1) Sliceable vs. Basic ILP Formulation

Table IV compares the basic ILP formulation (Section IV-A) with the sliceable ILP formulation (Section IV-B). Recall that the basic formulation can only select or discard an entire module, while the sliceable formulation can select or discard a subset of the bitslices in a multibit module. We expect that the sliceable formulation will always have the same or better coverage than the basic formulation. However, the trade-off here is again that the sliceable formulation will somtimes tend to choose a few smaller modules over one big module. Results in Table IV are in keeping with these expectations.
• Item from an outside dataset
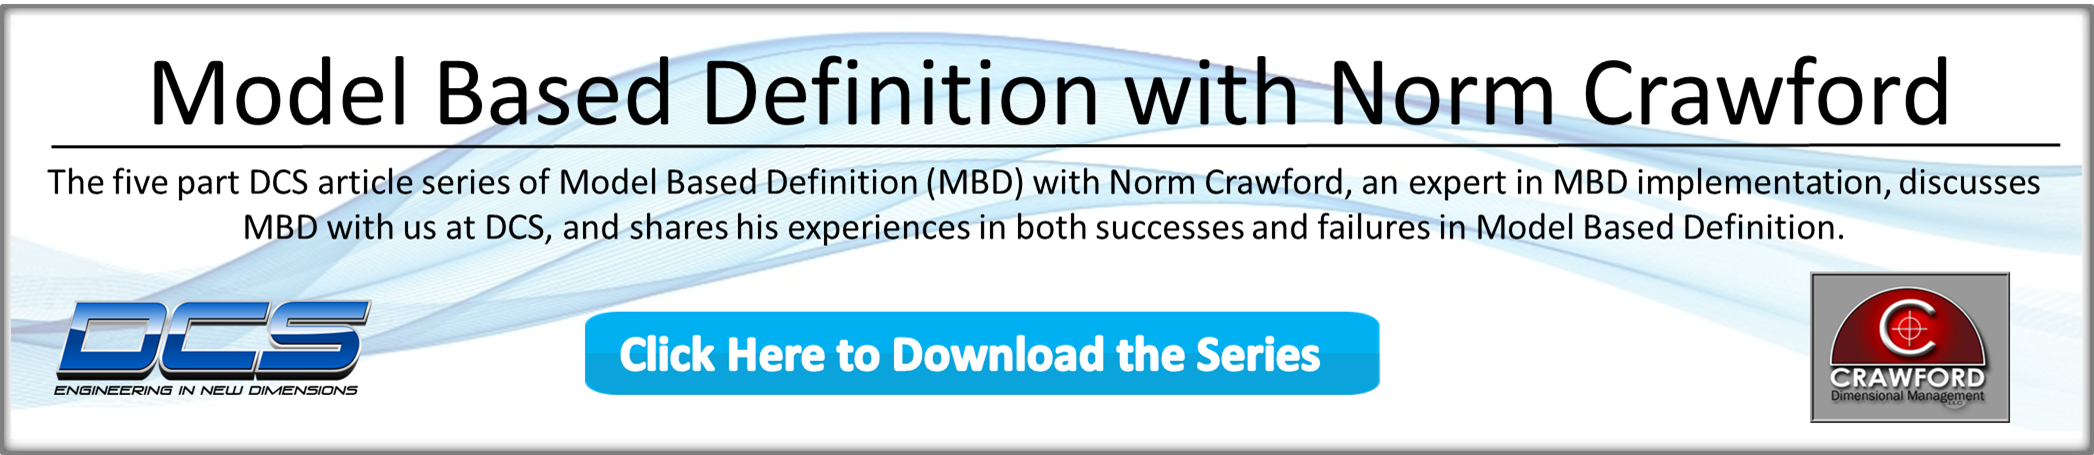 download-mbd-article-series-norm-crawford

Graphic: Comparing the Sliceable and Basic Formulations

TABLE IV Comparing the Sliceable and Basic Formulations

C. Case Study 1: Analysis of BigSoC Test Article

We present a case study of algorithmic reverse engineering of large, realistic SoC. This SoC consists of 375090 combinational elements, 34318 latches and 62 and 94 inputs and outputs respectively. We describe the three part strategy we used to analyze this design in the rest of this subsection.17 Besides the gate-level netlist, we were also given a datasheet for the SoC. The datasheet listed the seven constituent cores of the SoC and provided a brief description of the high-level functionality of each core.

1) Circuit Simplification

The SoC in its raw form contains many redundant combinational elements such as delays, buffers and paired inverters which were inserted presumably for electrical reasons. These elements result in the inference of many functionally equivalent modules with slightly different module boundaries and adversely affect computational performance and scalability. Therefore, our first step was to perform structural logic simplification and eliminate buffers, delays, paired inverters and a few other structurally equivalent gates. This reduced the number of combinational elements in the SoC from 375090 to 168730, a reduction of about 55%!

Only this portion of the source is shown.